Otra manifestación de este mito occidental, uno de los más importantes dentro del sistema de pensamiento dual del ser humano, es el episodio bíblico de Caín y Abel: con toda la violencia que lo caracteriza. Este episodio ha sido interpretado como una protesta nostálgica del hombre civilizado hacia su pasado «salvaje»; Caín era el labrador y el herrero, y Abel el pastor. El uno trabajaba en la ciudad y fabricaba armas y herramientas; el otro, merodeaba y cuidaba de los rebaños en extensos espacios, sin un esfuerzo mayoritario.

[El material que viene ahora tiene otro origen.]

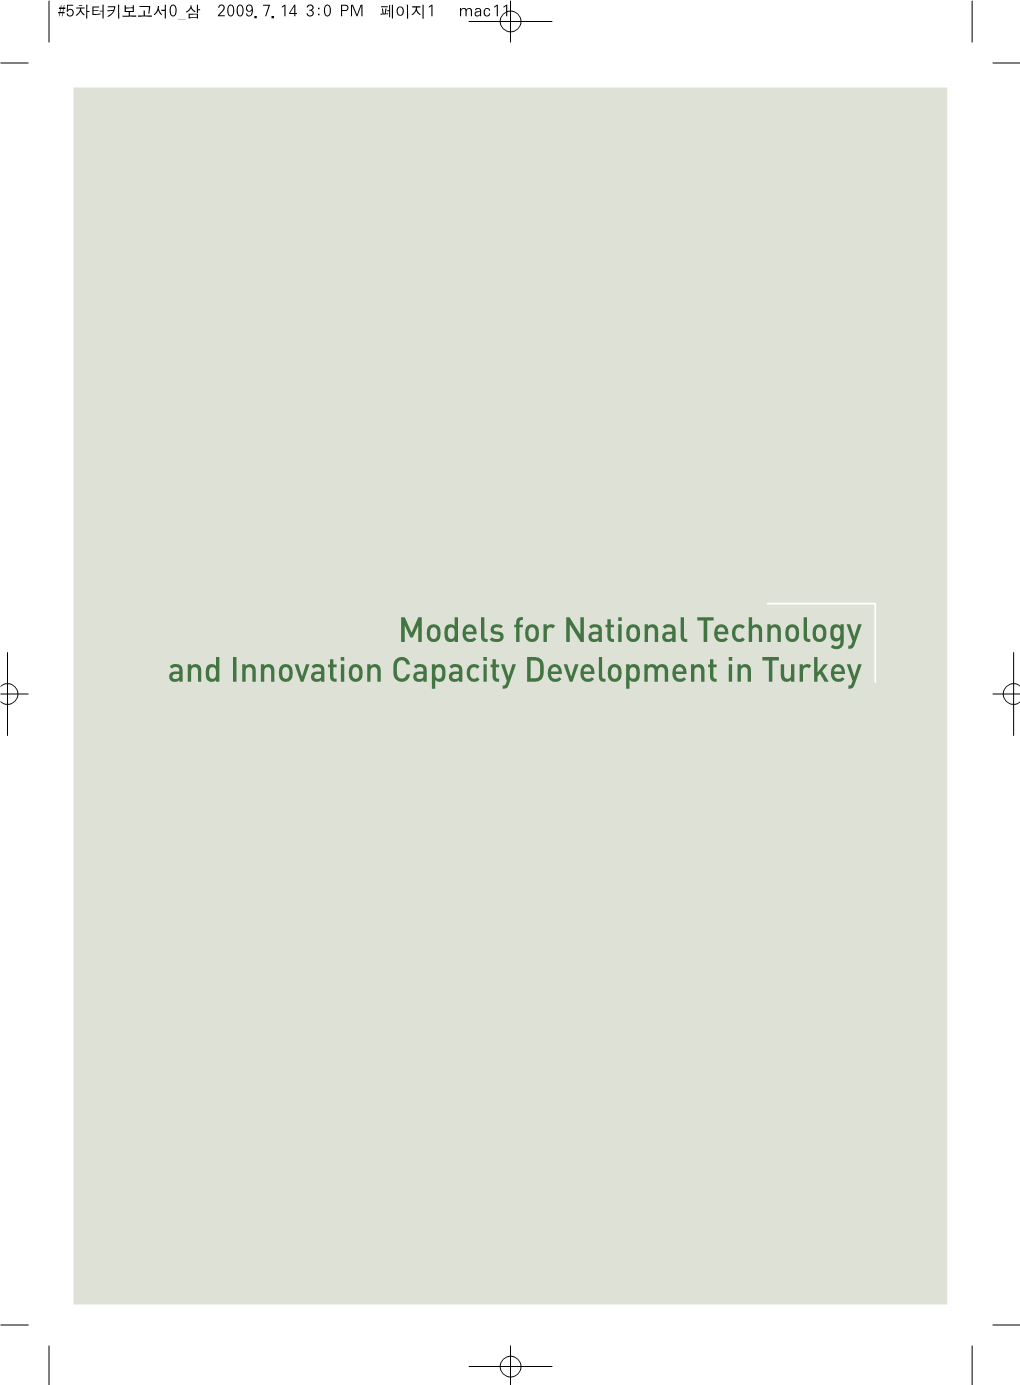 Models for National Technology and Innovation Capacity Development in Turkey #5차터키보고서0 삼 2009.7.14 3:0 PM 페이지2 Mac11
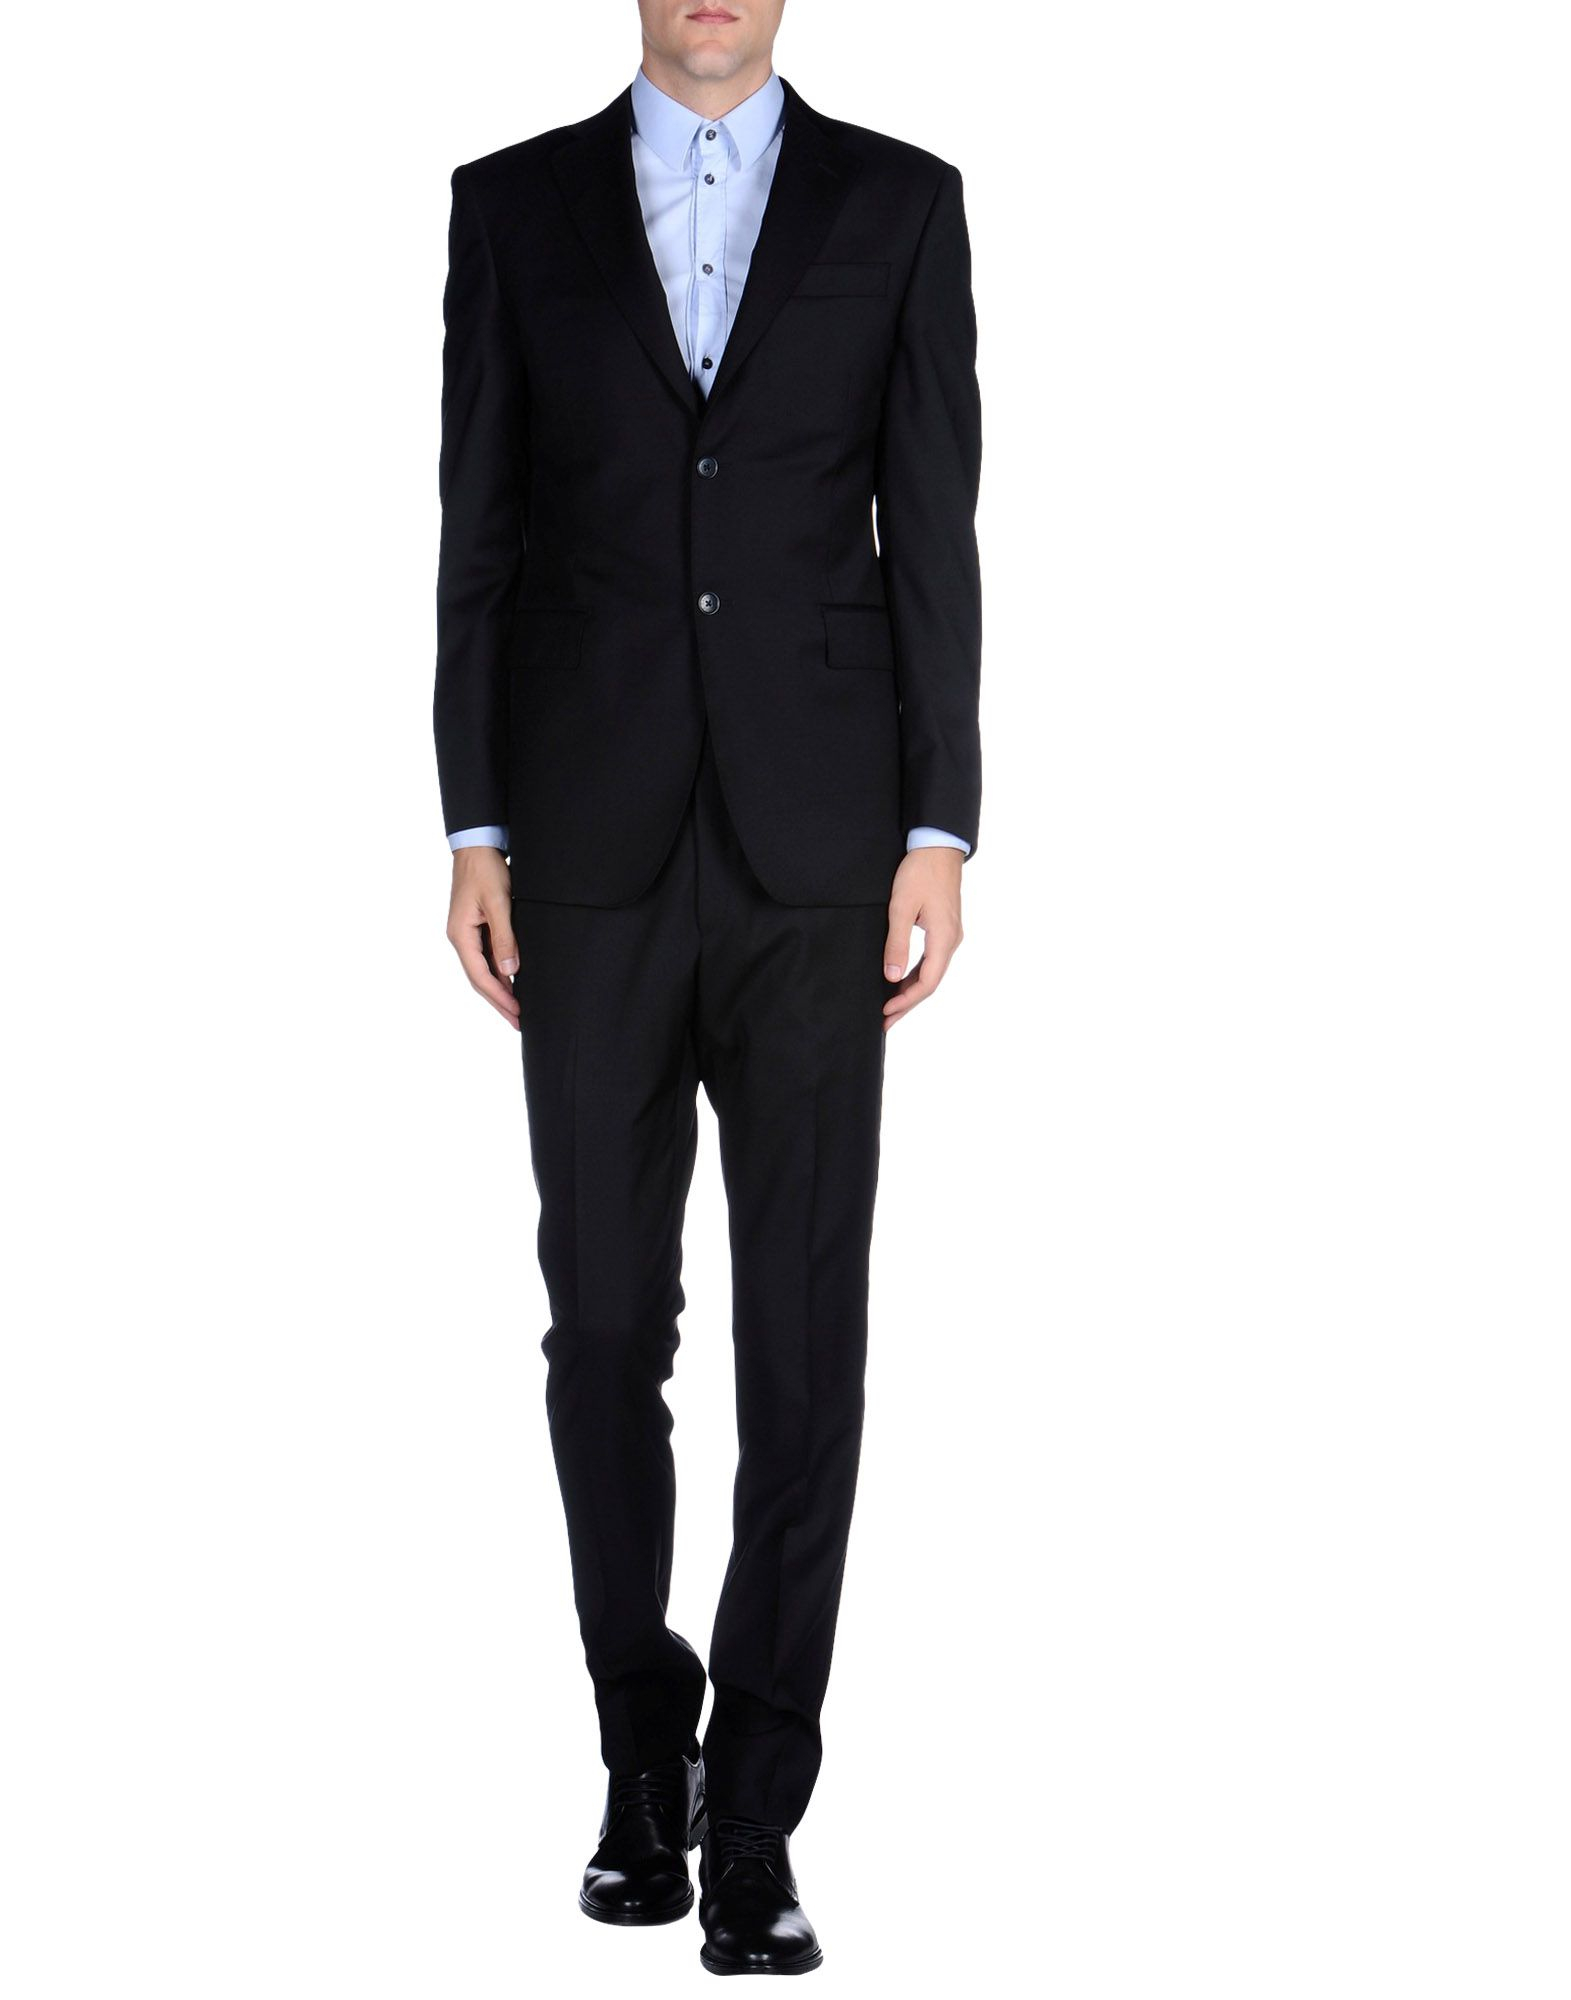 Balmain Suit in Black for Men - Lyst

La respuesta agresiva del labrador, cuya forma de vida terminó imponiéndose con mano de hierro, es una añoranza del tiempo perdido, o como escribe Asimov en su Guía de la Biblia: «el resto de un lamento nómada respecto a los tentáculos omnipresentes de la civilización asentada».

Después Borges, aquél ciego iluminado, cuando se aventuró en la interpretación del embeleco de la vida eterna, reconoció como mejor personificación de los inmortales a hombres salvajes, «trogloditas», que carecen del más mínimo sentido de la vida organizada, desatendiendo incluso su propio cuerpo. En este caso, la máxima realización del sueño civilizado —cuyo explotador más prolífico tal vez fue Platón— es, vaya paradoja, regresar al mayor estado de salvajismo que pueda imaginarse. Pero esta contrariedad se entiende fácil, porque como explica Roger Bartra, el mito del salvaje está en nosotros y no es más que eso: un mito que viene recibiendo todo el sedimento de la historia y que alcanzó su punto más alto con el descubrimiento y conquista de América. 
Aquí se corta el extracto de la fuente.